<<<<

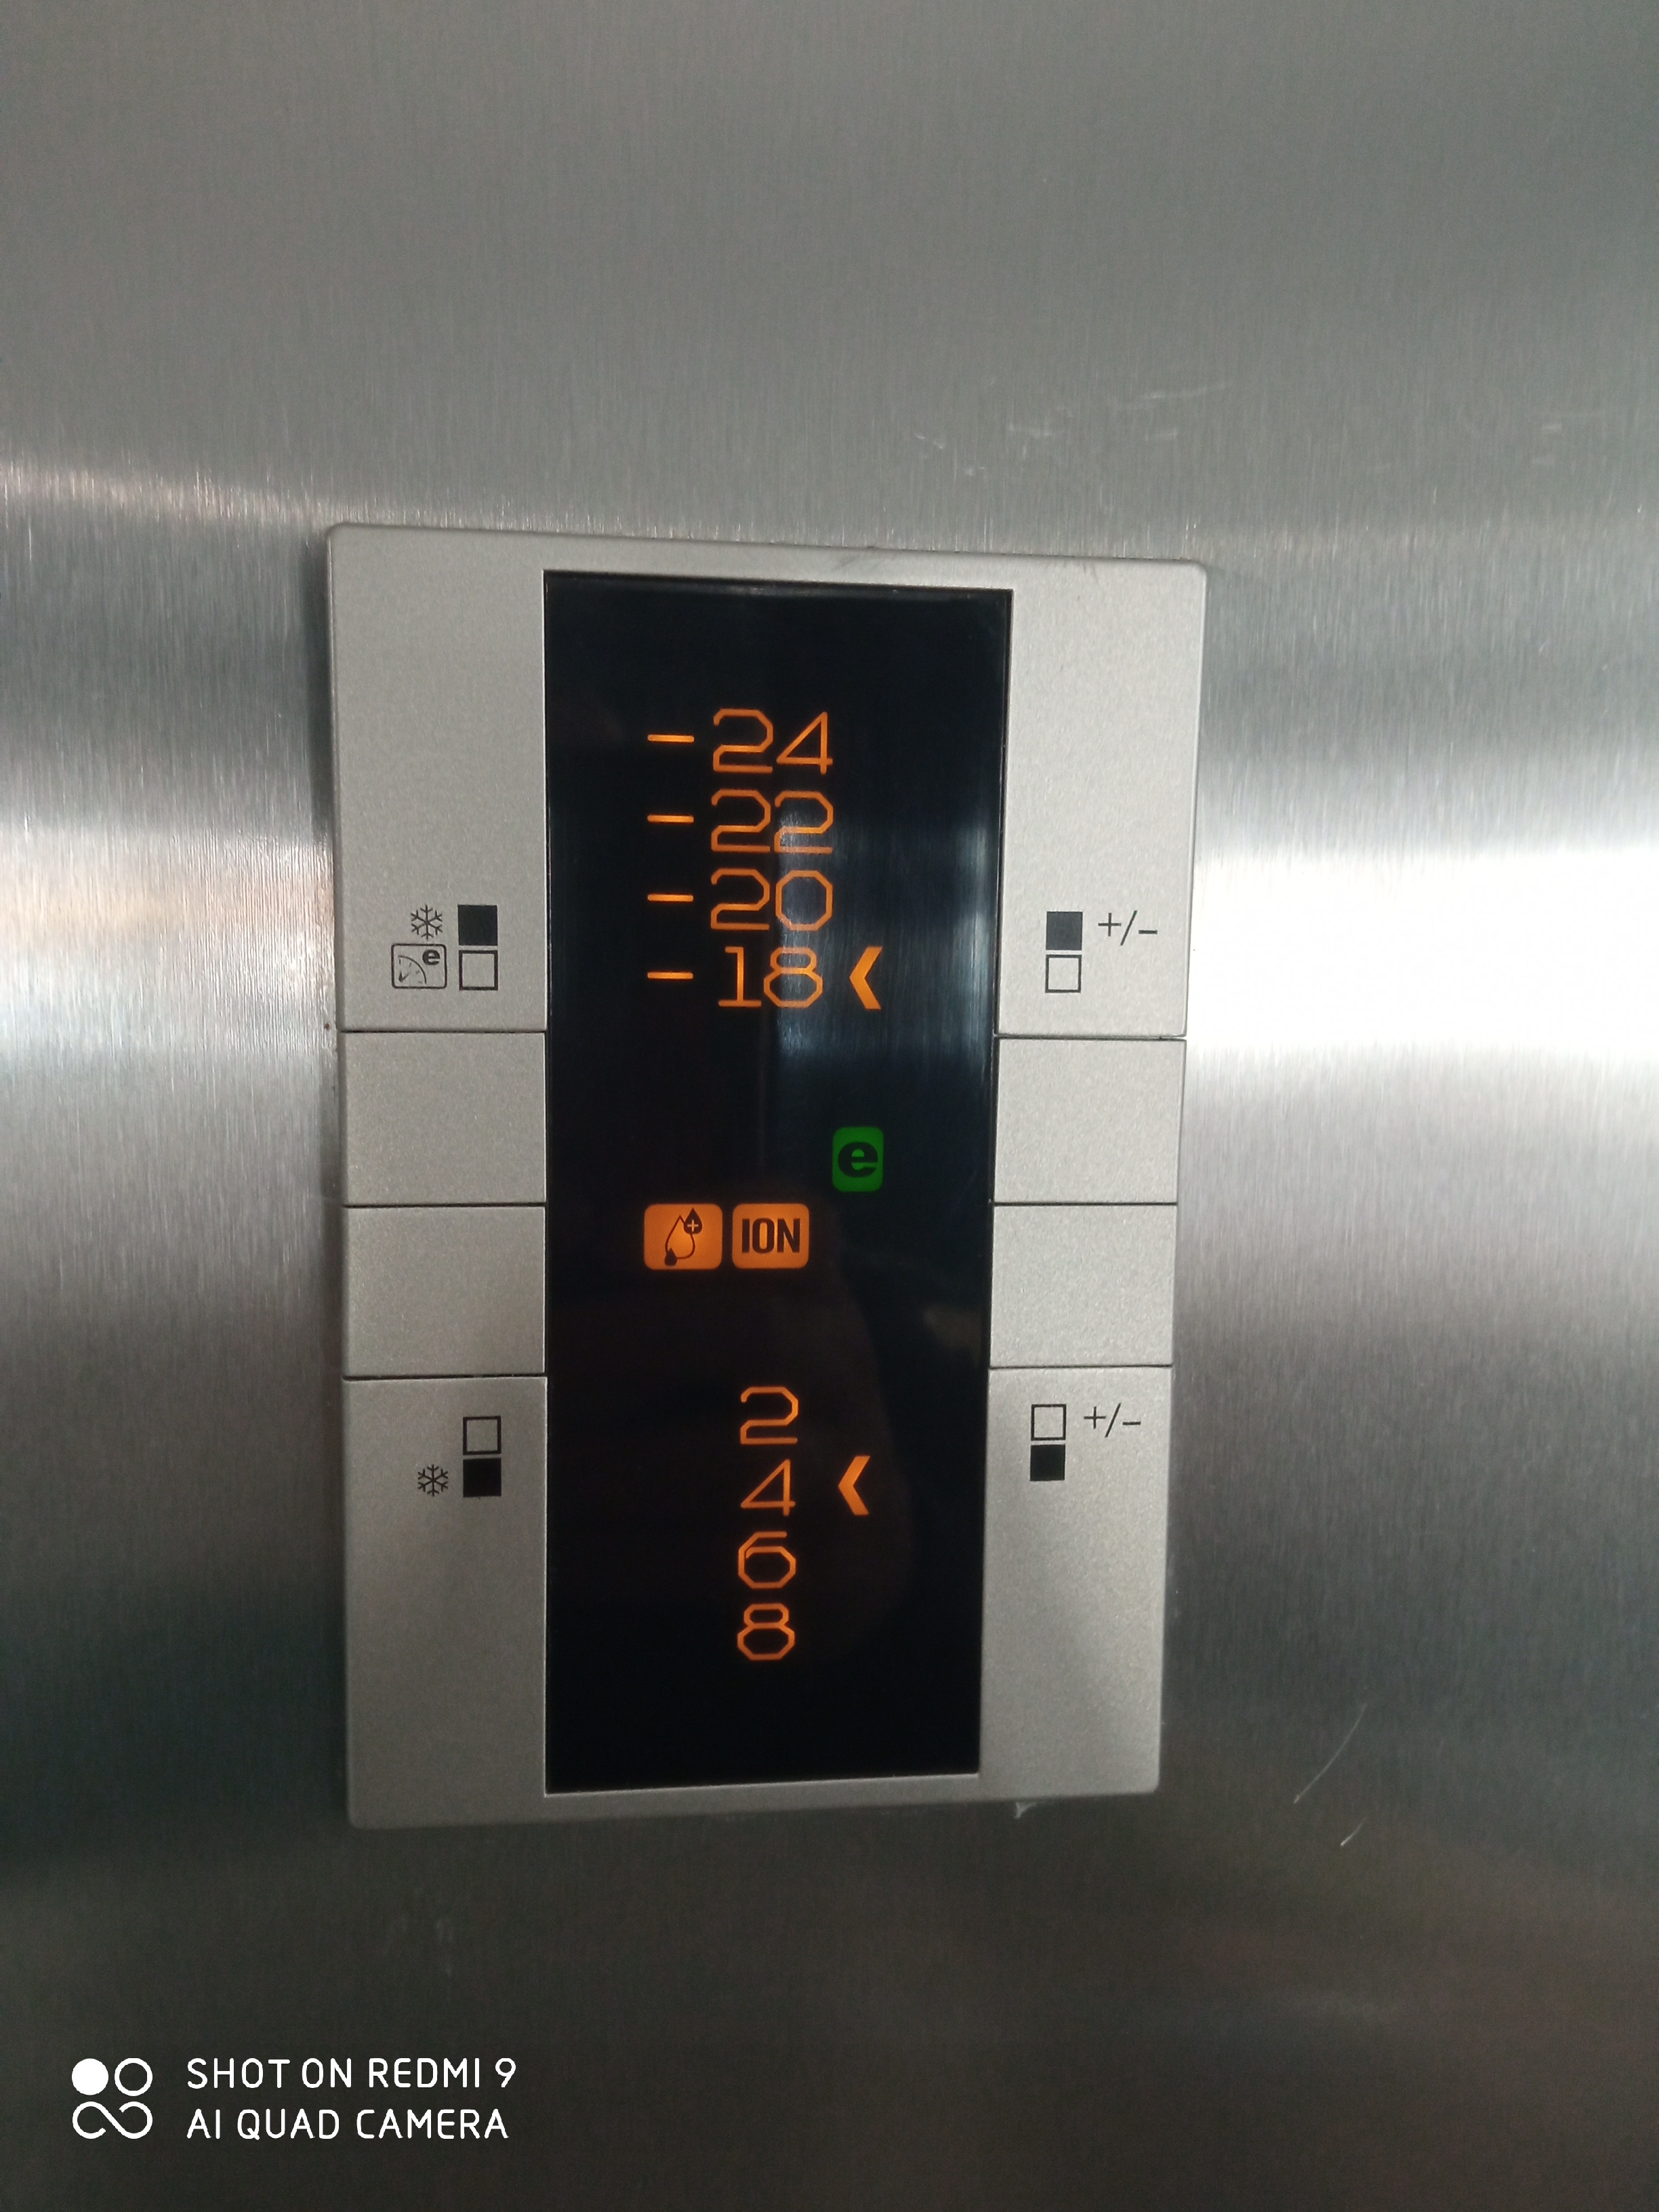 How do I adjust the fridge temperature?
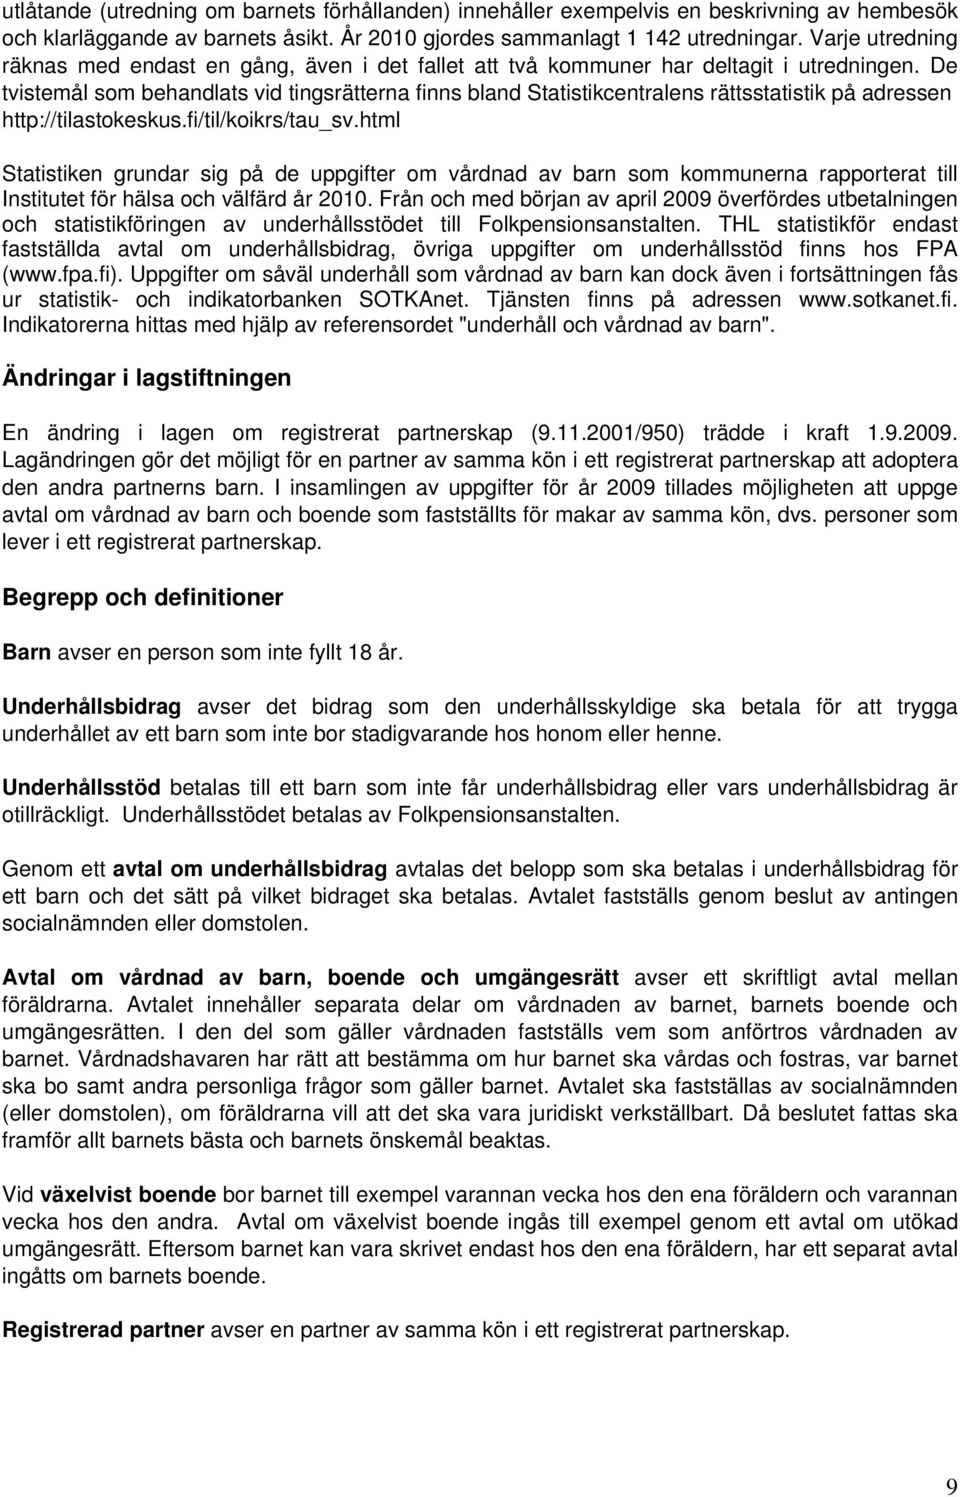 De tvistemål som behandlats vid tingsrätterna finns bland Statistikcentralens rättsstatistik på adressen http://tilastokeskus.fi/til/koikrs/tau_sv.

>>>>
<<<<

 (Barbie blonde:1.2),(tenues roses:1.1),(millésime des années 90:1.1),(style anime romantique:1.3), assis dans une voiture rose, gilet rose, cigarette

>>>>
<<<<

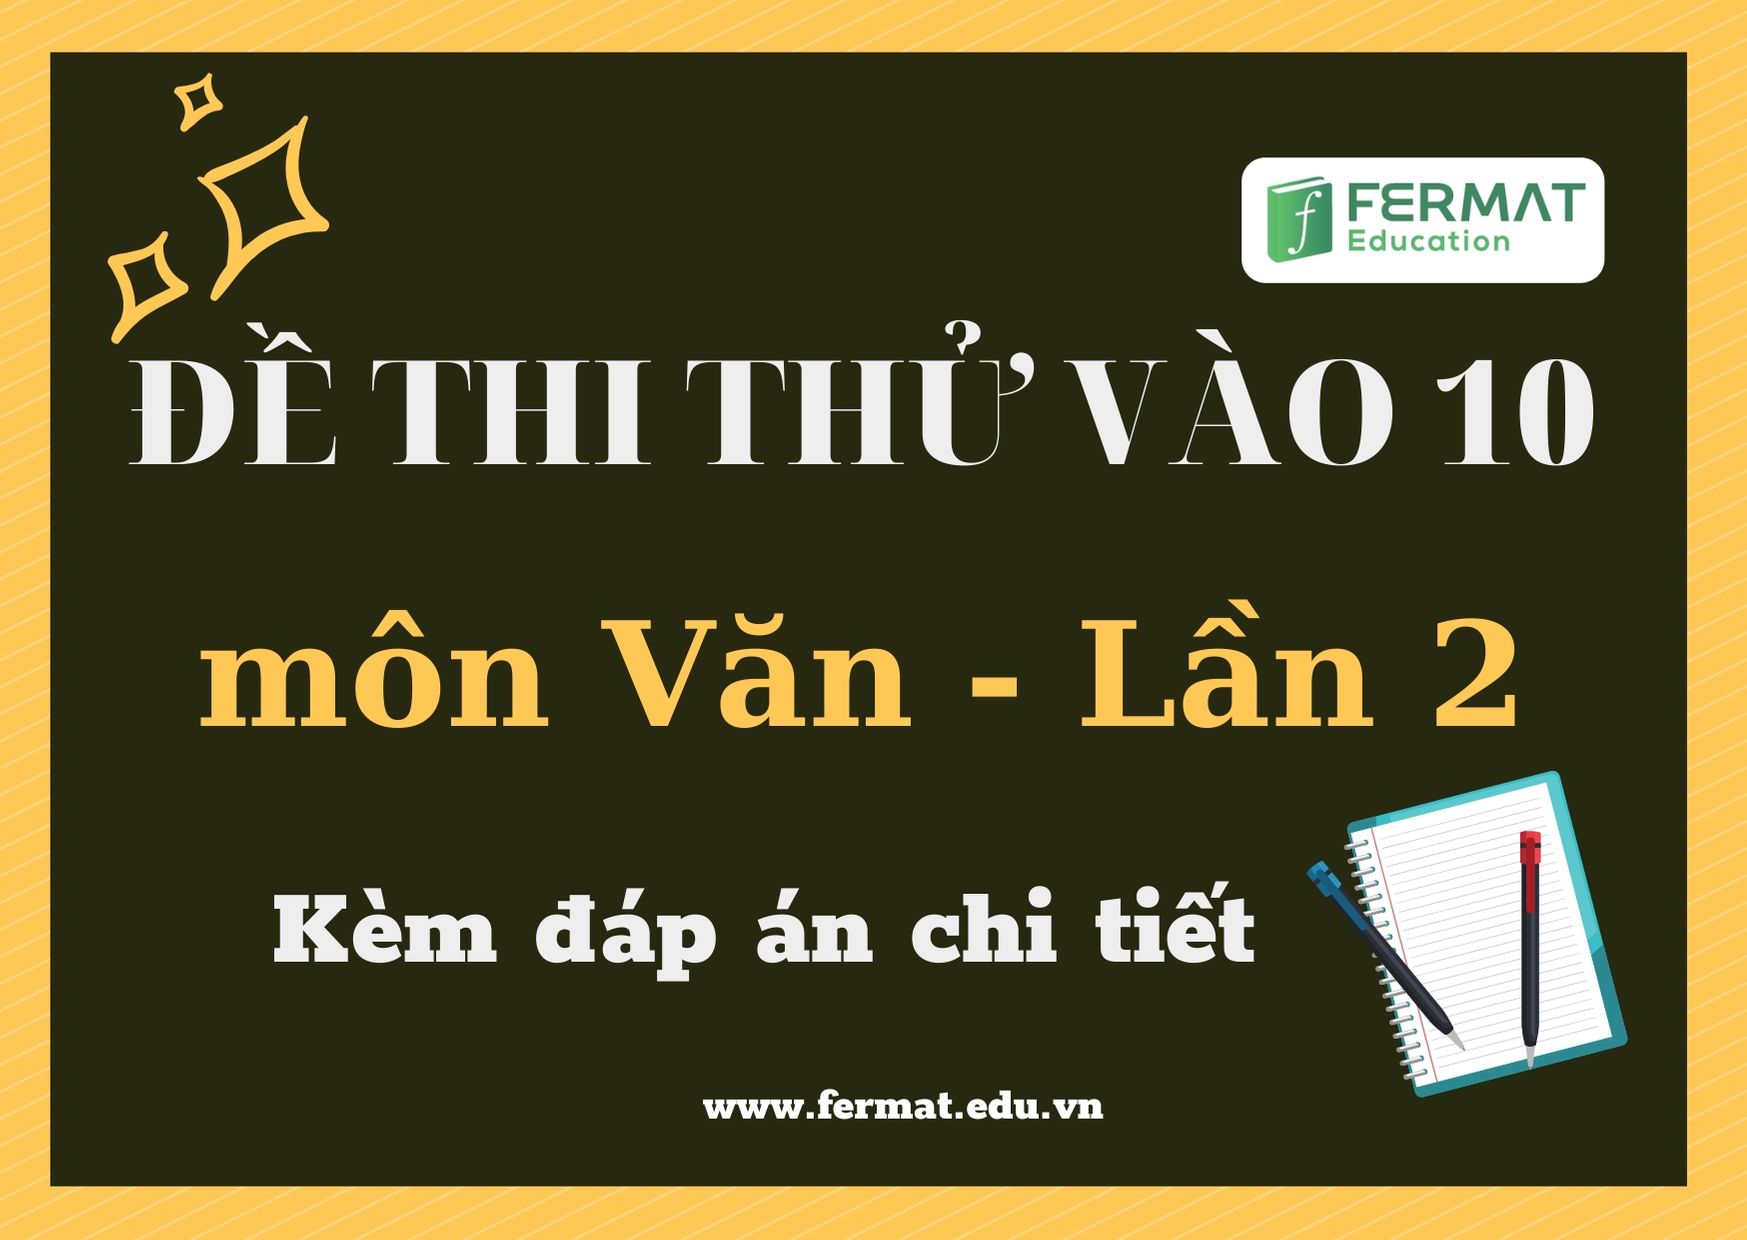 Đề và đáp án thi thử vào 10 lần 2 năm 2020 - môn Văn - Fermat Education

>>>>

**Exercise brief**
For this exercise, set down the lines in the entries above from the one with "How do I adjust the fridge temperature?" through the one with "De tvistemål som" exactly as written, without any pictures.

**Expected answer**
 How do I adjust the fridge temperature?
 De tvistemål som behandlats vid tingsrätterna finns bland Statistikcentralens rättsstatistik på adressen http://tilastokeskus.fi/til/koikrs/tau_sv.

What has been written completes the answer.